The CRISPR-Cas gene editing system is being used in laboratory studies to block development of antimicrobial resistance (AMR). This work was carried out by researchers at the University of Exeter and the Institute of Hydrobiology in Dresden.
Their study appears in Microbiology today. The lead author is David Walker-Sünderhauf, of the University of Exeter.
AMR is a major global threat, with nearly five million deaths annually resulting from antibiotics failing to treat infection, according to the U.S. Centers for Disease Control and Prevention.
Walker-Sünderhauf said, “Antimicrobial resistance threatens to outstrip covid in terms of the number of global deaths. We urgently need new ways to stop resistance spreading between hosts. Our technology is showing early promise to eliminate resistance in a wide range of different bacteria.”
Bacteria often develop resistance when resistance-conferring genes are transported between hosts. One way that this occurs is via plasmids—circular strands of DNA, that can spread easily between bacteria, and swiftly replicate. This process can occur in people, and in environmental settings, such as waterways.
CRISPR is usually delivered using an engineered plasmid or bacteriophage. After uptake of the CRISPR delivery tool by recipient cells, the Cas9 nuclease cleaves a DNA sequence signaled by its single guide RNA (sgRNA). This leads to chromosome cleavage and cell death, or plasmid cleavage and resensitization to antibiotics.
The authors note that, “Previous studies have used CRISPR-Cas-based technology to remove plasmids encoding AMR genes from target bacteria, using either phage- or plasmid-based delivery vehicles that typically have narrow host ranges. To make this technology feasible for removal of AMR plasmids from multiple members of complex microbial communities, an efficient, broad host-range delivery vehicle is needed.”
The Exeter team used the CRISPR-Cas gene editing system, which can target specific sequences of DNA, to engineer a plasmid that can specifically target the resistance gene for Gentamicin—a commonly used antibiotic. They engineered the broad host-range IncP1-plasmid pKJK5 (pKJK5::csg) to encode cas9 programmed to target an AMR gene.
In laboratory experiments, pKJK5::csg protected host cells from developing resistance. Furthermore, researchers found that the plasmid effectively targeted antimicrobial resistant genes in hosts to which it transferred, reversing their resistance.

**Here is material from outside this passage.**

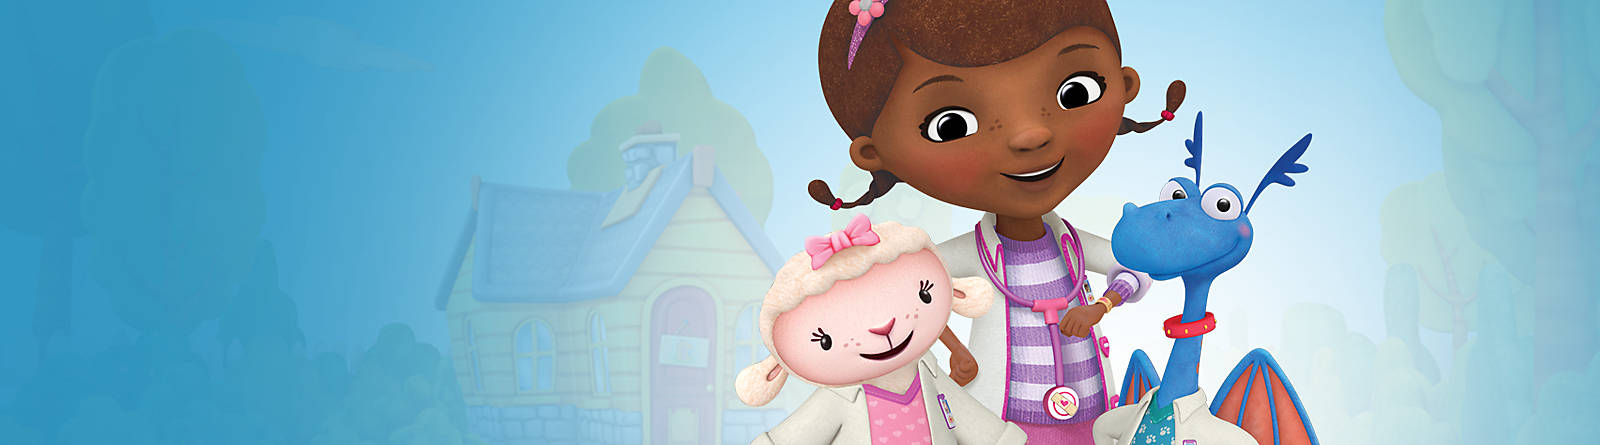 Dottoressa Peluche La magia Disney rivive a casa tua! Vieni a scoprire la nostra fantastica gamma di prodotti Dottoressa Peluche, tra cui giocattoli, set da giochi, costumi e tante altre novità e sorprese targate Disney che aspettano solo te.

The team reports that pKJK5::csg can block the uptake of AMR plasmids and remove resident plasmids from Escherichia coli. Furthermore, due to its broad host range, pKJK5::csg successfully blocked AMR plasmid uptake in a range of environmental, pig- and human-associated coliform isolates, as well as in isolates of two species of Pseudomonas.
Said Sünderhauf, “Our next step is to conduct experiments in more complex microbial communities. We hope one day it could be a way to reduce the spread of antimicrobial resistance in environments such as sewage treatment plants, which we know are breeding grounds for resistance.”